Quick Recommendation

Use this table as a quick starting point when deciding where your lab should host code, notebooks, and project documentation.

If your lab needs... Start with...
A Duke-managed service, Duke NetID login, Duke-internal collaboration, or a home for unpublished work Duke GitLab
Public or open-source code, broad external collaboration, or visibility in the wider software and research community GitHub

Duke GitLab

Start with Duke GitLab if your work is:

  • Unpublished, preliminary, or proprietary
  • Primarily shared with Duke researchers, staff, or students
  • Better managed with Duke NetID based access
  • Better suited to repositories hosted on premises at Duke
  • Intended to stay within a Duke-managed collaboration environment

Duke GitLab uses Duke authentication and is often the best default for internal research software collaboration.

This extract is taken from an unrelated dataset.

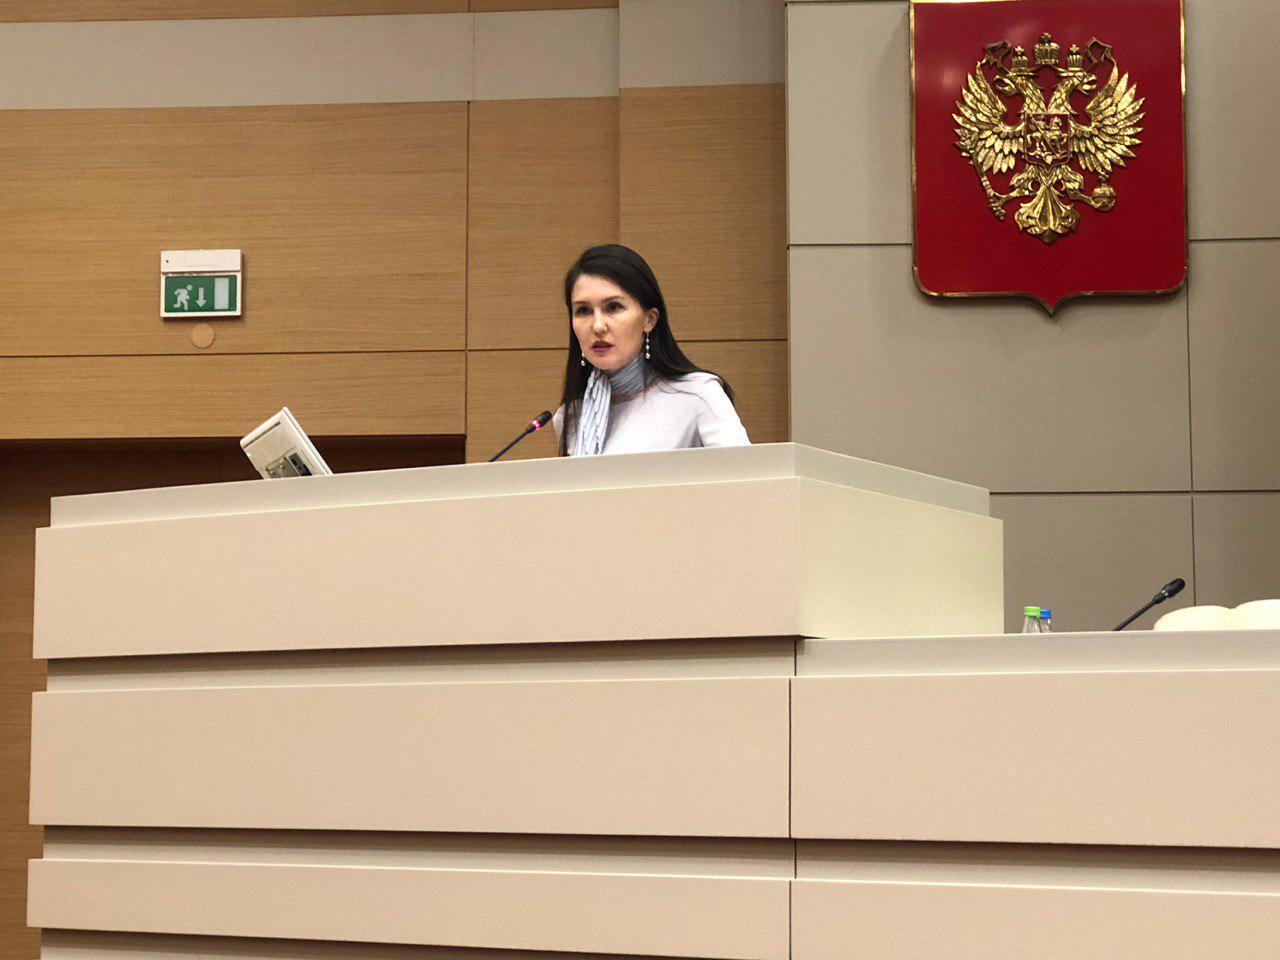 официальный представитель казанского Кремля Лилия Галимова

Large files usually don't belong in repos

Do not upload large files unless they truly belong in source control, they can create storage and performance issues

GitHub

Use GitHub if your work is:

  • Intended to be public or open source
  • Built with collaborators outside Duke
  • Meant to be easy to discover, cite, reuse, or contribute to
  • Part of a software project that benefits from visibility in the broader research and developer community

Private does not mean inside Duke

A private GitHub repository is still hosted by GitHub's cloud service. "Private" does not mean "inside Duke"

What Should Never Go in Any Git Repo

Never commit sensitive data or secrets

Do not place the following in Duke GitLab, GitHub, or any other Git repository:

  • Sensitive or regulated research data
  • Participant identifiers or identifiable data exports
  • Passwords, API keys, access tokens, SSH private keys, or other secrets
  • .env files or configuration files that contain real credentials
  • Files whose data classification is unknown
  • Sensitive content embedded in code comments, commit messages, or file names

If you are not sure whether something belongs in a repository, check the Duke Data Classification Standard or contact security@duke.edu.

Version control platforms are best used for code, documentation, small example datasets that are clearly safe to share, and reproducible workflows. They are not a storage location for sensitive research data or secrets.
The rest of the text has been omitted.